The result object also lets you to isolate and inspect parts of the model output. The confidence interval gives you an idea for how robust the coeffecients of the model are.
In this example, we're very confident that there is an inverse relationship between the probability of being admitted and the prestige of a candidate's undergraduate school.
In other words, the probability of being accepted into a graduate program is higher for students who attended a top ranked undergraduate college (
prestige_1==True) as opposed to a lower ranked school with, say,
prestige_4==True (remember, a prestige of 1 is the most prestigious and a prestige of 4 is the least prestigious.
Take the exponential of each of the coeffecients to generate the odds ratios. This tells you how a 1 unit increase or decrease in a variable affects the odds of being admitted. For example, we can expect the odds of being admitted to decrease by about 50% if the prestige of a school is 2. UCLA gives a more in depth explanation of the odds ratio here.

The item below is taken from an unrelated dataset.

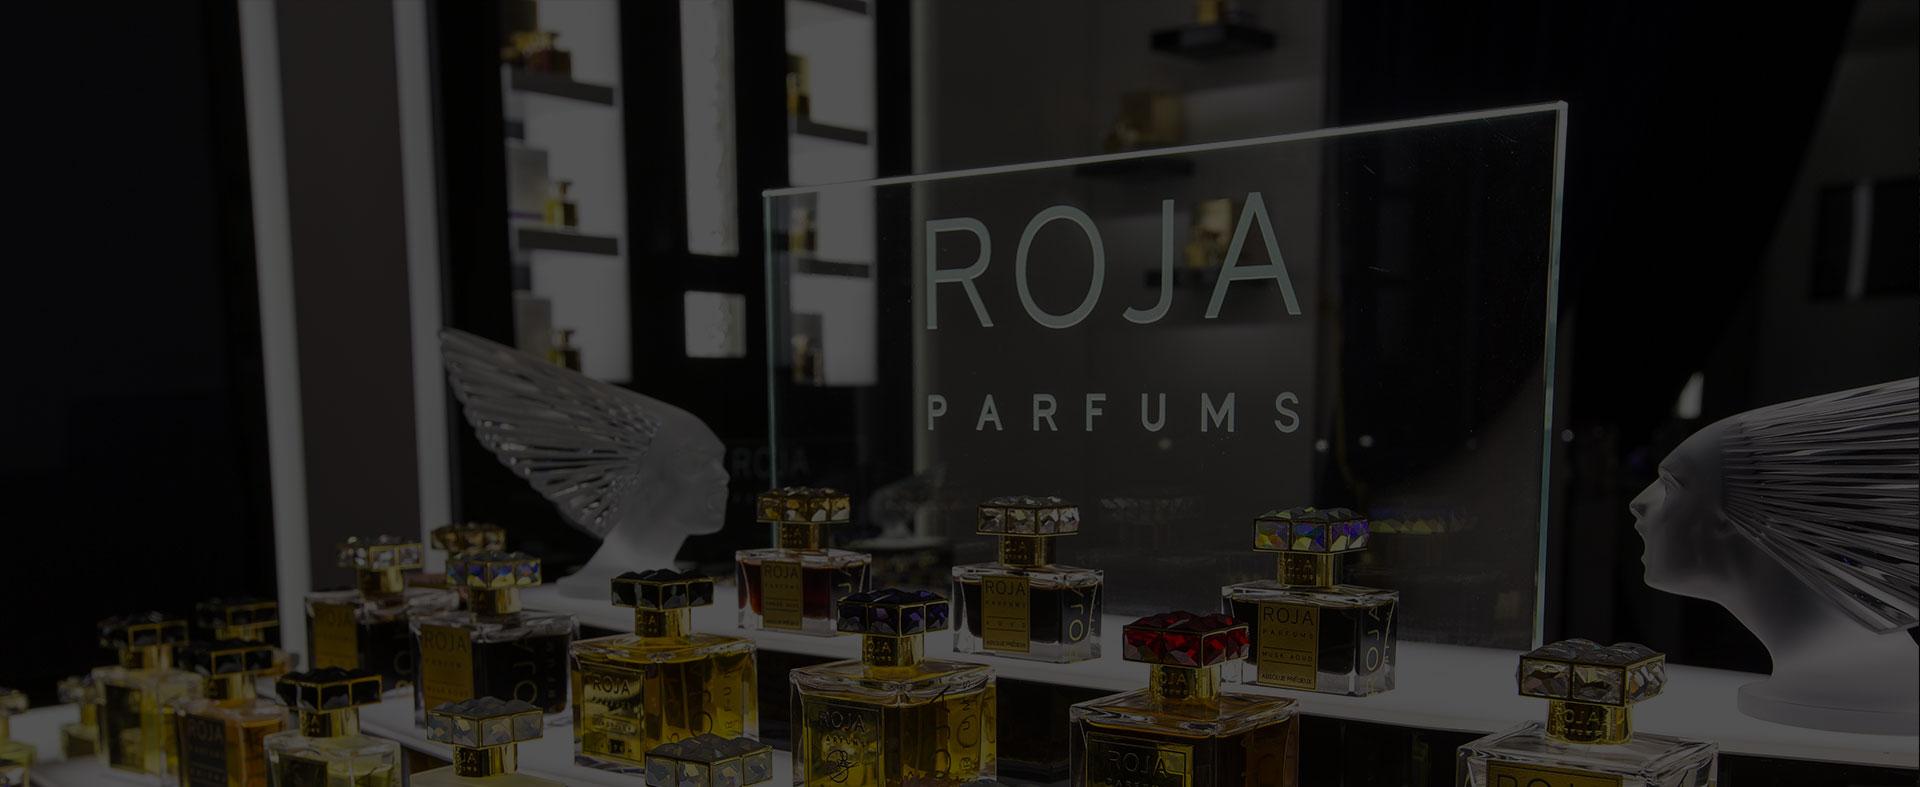 ROJA-iran-perfume-distribution-havin-tejarat

We can also do the same calculations using the coeffecients estimated using the confidence interval to get a better picture for how uncertainty in variables can impact the admission rate.
Digging a little deeper
As a way of evaluating our classifier, we're going to recreate the dataset with every logical combination of input values. This will allow us to see how the predicted probability of admission increases/decreases across different variables. First we're going to generate the combinations using a helper function called
cartesian which I originally found here.
We're going to use
np.linspace to create a range of values for "gre" and "gpa". This creates a range of linearly spaced values from a specified min and maximum value--in our case just the min/max observed values.
Now that we've generated our predictions, let's make some plots to visualize the results. I created a small helper function called
isolate_and_plot which allows you to compare a given variable with the different prestige levels and the mean probability for that combination. To isolate presitge and the other variable I used a
pivot_table which allows you to easily aggregate the data.
The resulting plots shows how gre, gpa, and prestige affect the admission levels. You can see how the probability of admission gradually increases as gre and gpa increase and that the different presitge levels yield drastic probabilities of admission (particularly the most/least prestigious schools).
Logistic Regression is an excellent algorithm for classification. Even though some of the sexier, black box classification algorithms like SVM and RandomForest can perform better in some cases, it's hard to deny the value in knowing exactly what your model is doing. Often times you can get by using RandomForest to select the features of your model and then rebuild the model with Logistic Regression using the best features.